La fin: L'Héritage du Sang
La gomme s’acharna une dernière fois, mais au lieu du gris de l’oubli, une strie écarlate déchira la page. Ce n’était pas de l’encre. C’était une cicatrice enfouie si profondément que même le néant n’avait pu la lisser : ce quai, cette balafre de béton sous une pluie de cendre. Je revoyais ce départ, cette amputation nécessaire. Je l'avais abandonnée là, debout dans le sifflement des freins, laissant le froid dévorer son regard tandis que je m'engouffrais dans l'ombre du wagon. Le monde y avait vu une fuite, ma propre conscience y avait lu de la lâcheté, mais sous la gomme du double, la vérité hurlait enfin. Je m'étais arraché à elle dans un silence de mort, préférant devenir son plus beau regret plutôt que d'être le témoin quotidien de son extinction à mes côtés.

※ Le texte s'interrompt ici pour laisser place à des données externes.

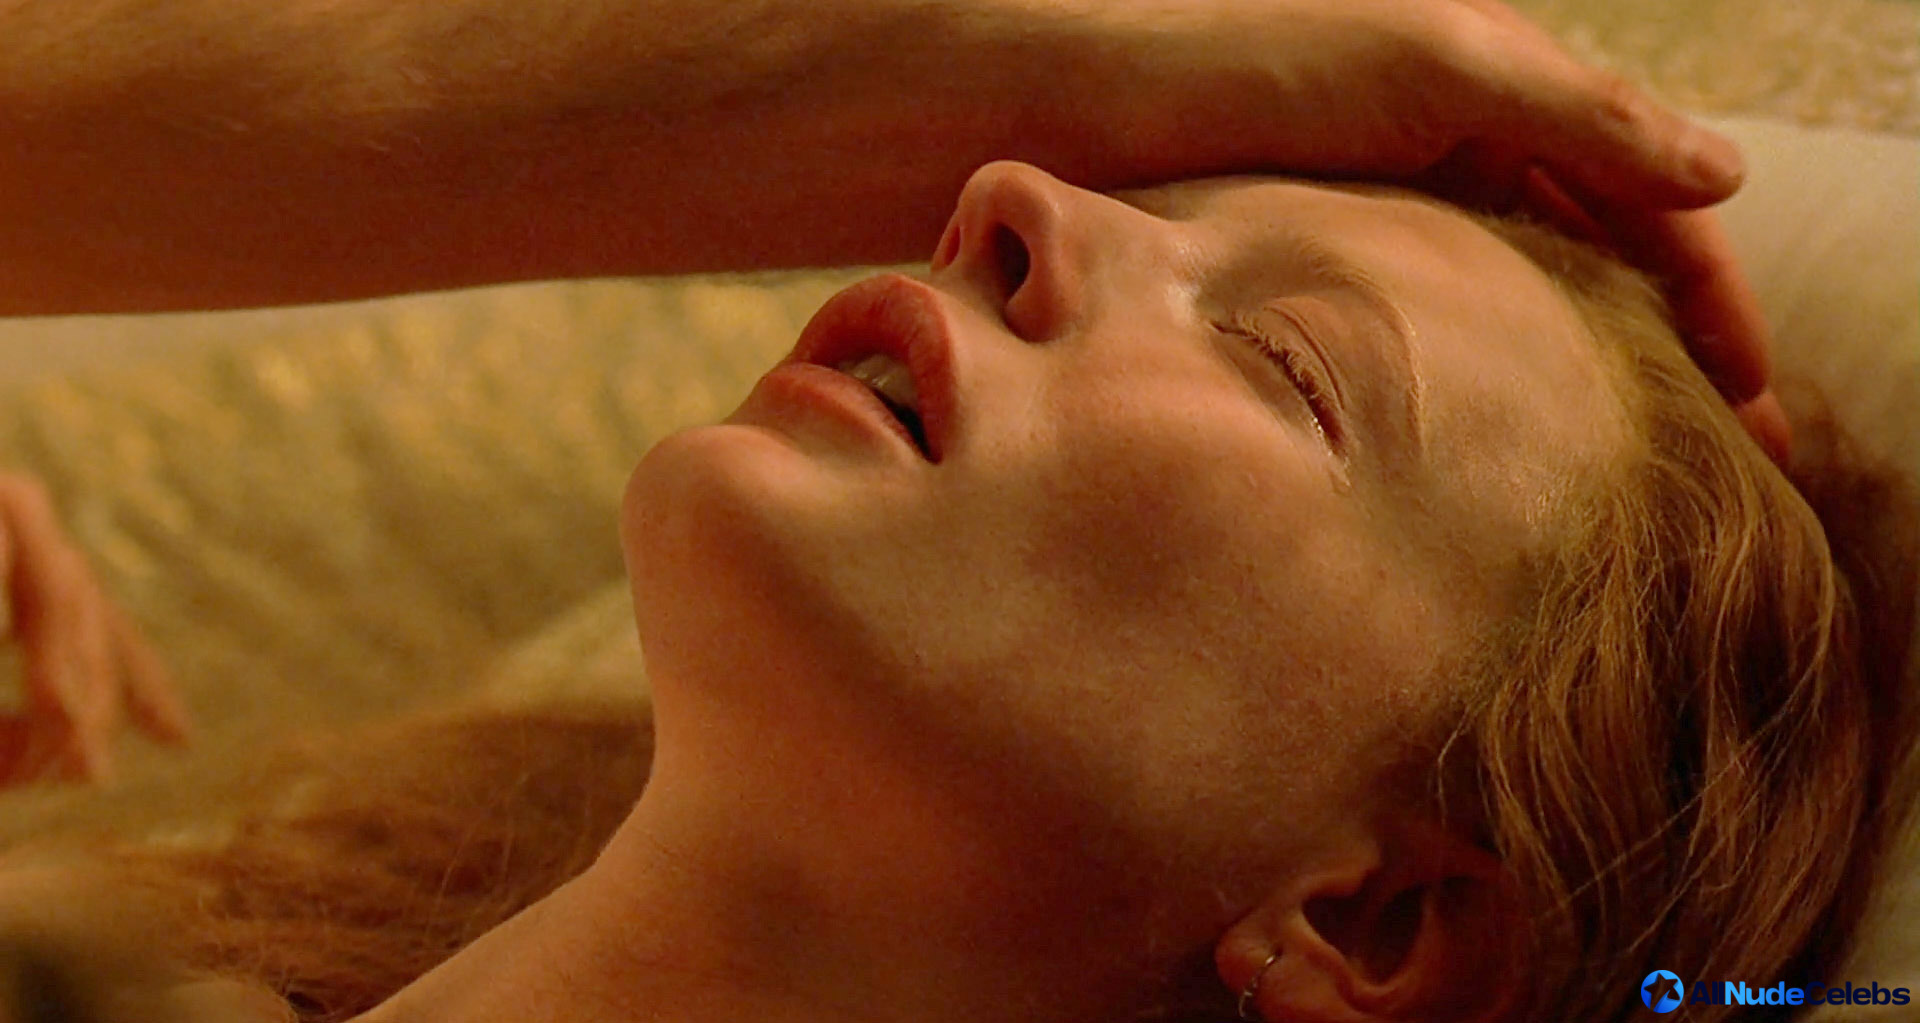 Cate Blanchett nude lesbian sex scenes.

J’avais accepté le mépris pour qu'elle puisse rester intacte. C'était un sacrifice sans témoin, mon seul acte de pureté, un acte si terrible qu'il posait l'ultime question : Est-ce un crime ?

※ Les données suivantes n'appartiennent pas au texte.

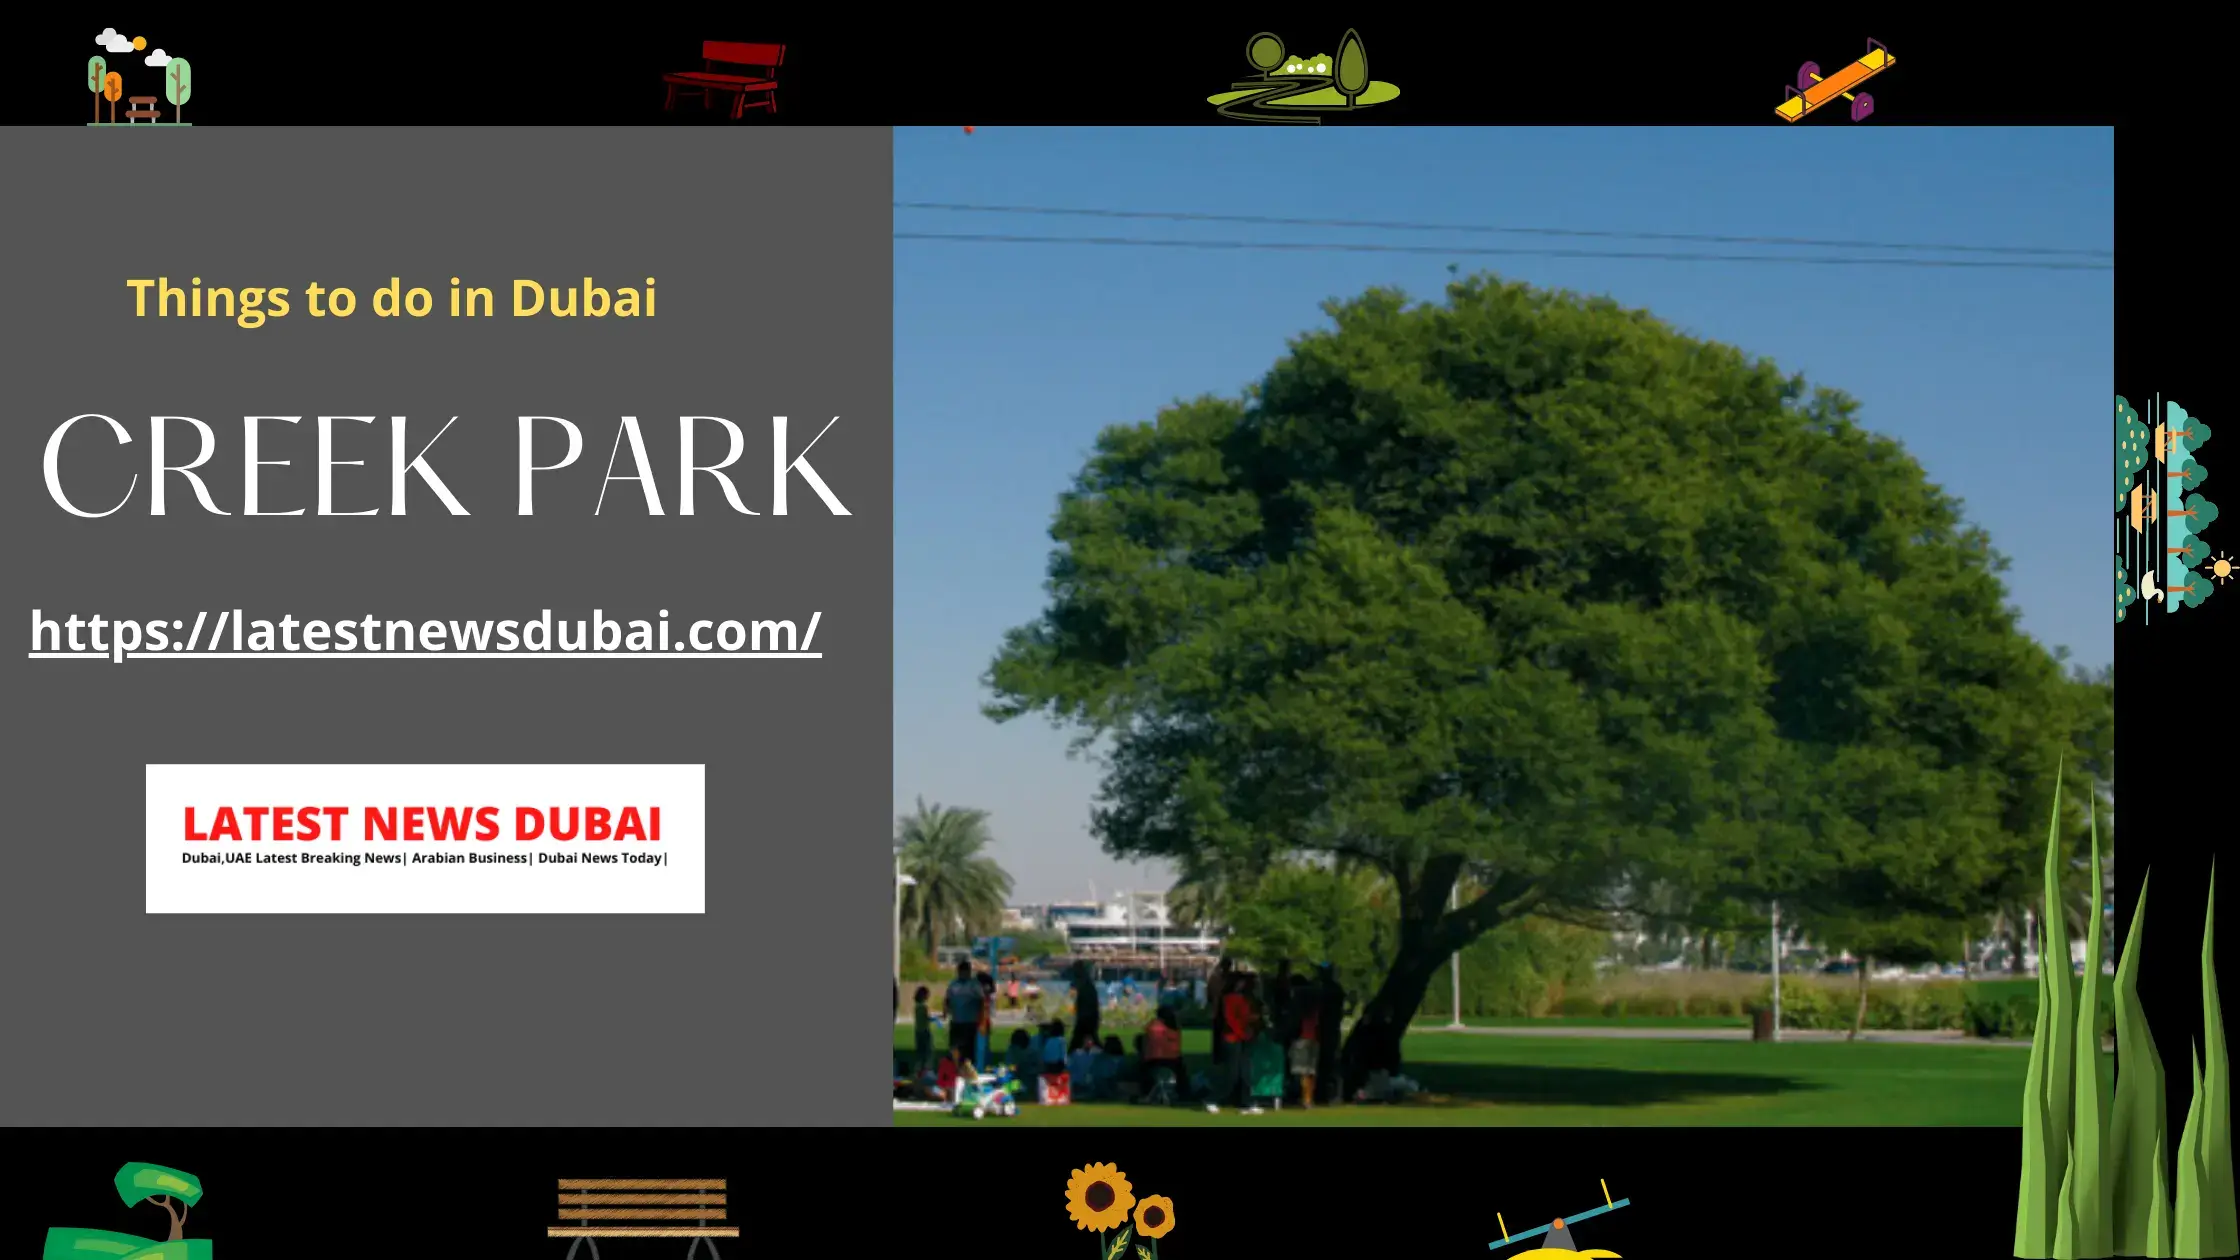 Explore Dubai Creek Park

Plus le double grattait, plus la plaie s’ouvrait, libérant un flot de rouge chaud et pulsant. Ce sang commençait à s’infiltrer dans les doigts de marbre du double, traçant un réseau de veines là où il n'y avait que du vide. À mesure que la page saignait, la sève de givre qui emprisonnait mes poumons se mit à bouillir. La chaleur de cette vieille douleur faisait craquer ma poitrine de bois noir.

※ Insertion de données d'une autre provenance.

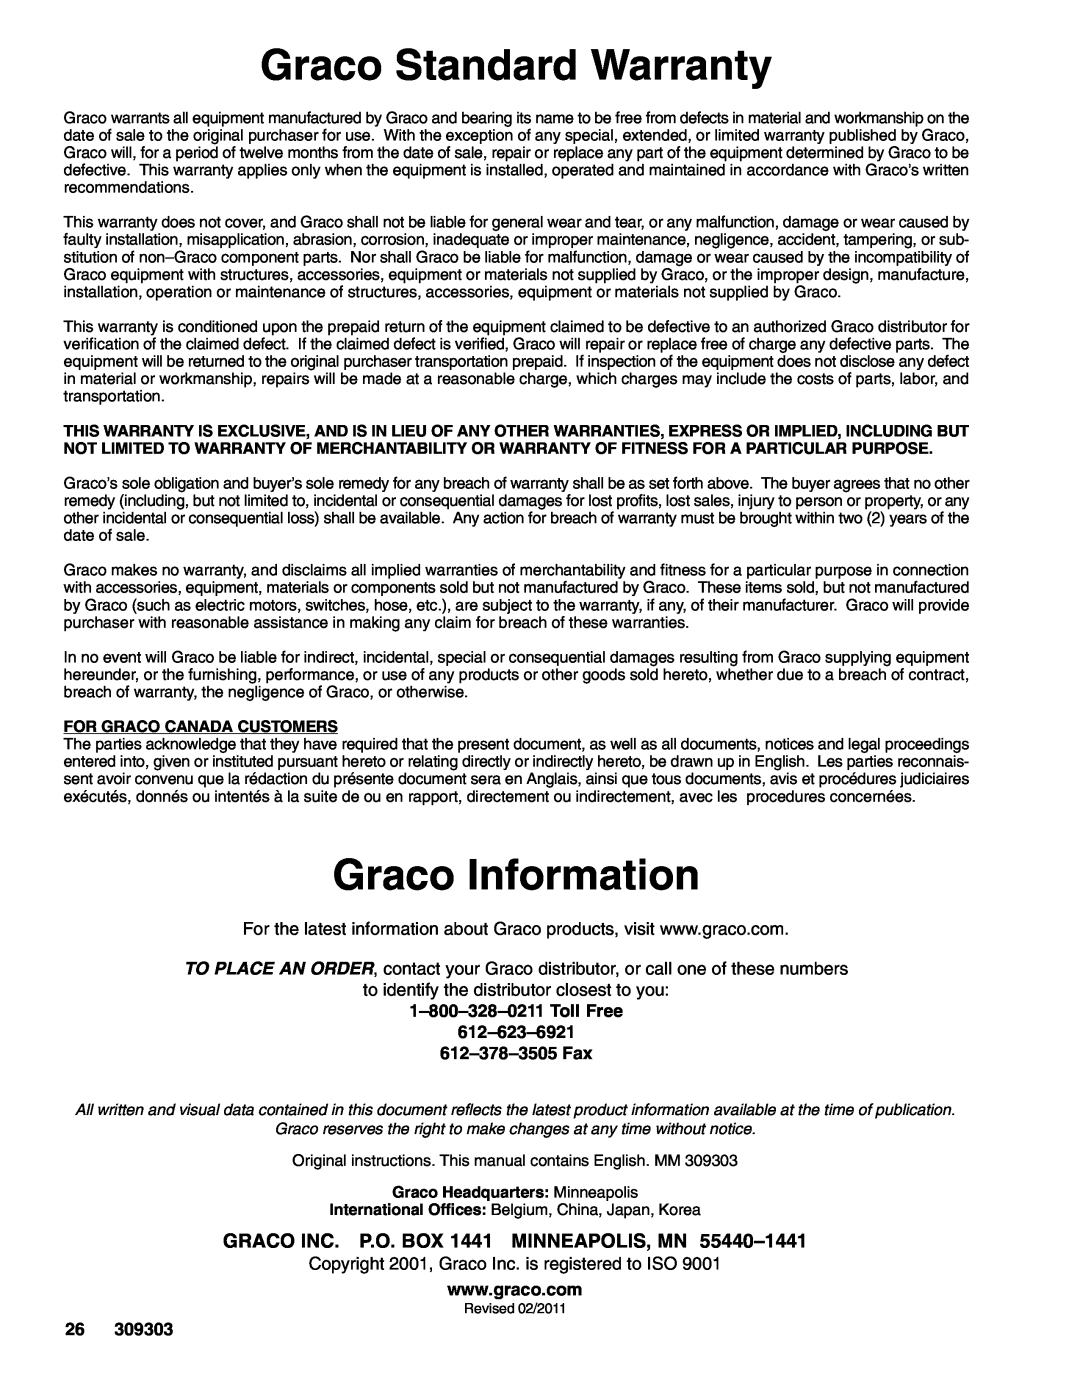 Graco 233501 Graco Standard Warranty, Graco Information, For Graco Canada Customers, Graco Headquarters Minneapolis

Nous ne luttions plus. Dans un spasme de noir et de pourpre, la distance entre le scribe et le sujet s’effondra. Ses yeux de vide se remplirent de mes propres larmes. Nous fusionnions dans le creuset de cette blessure partagée. Là, au milieu du champ de blé noir , l’imposture volait en éclats: je n’étais plus un reflet, il n’était plus un bourreau. Nous étions enfin un seul être, né de la seule vérité que la gomme ne pouvait atteindre : une plaie qui refuse de se refermer car elle est la preuve que j'ai, au moins une fois, réellement existé.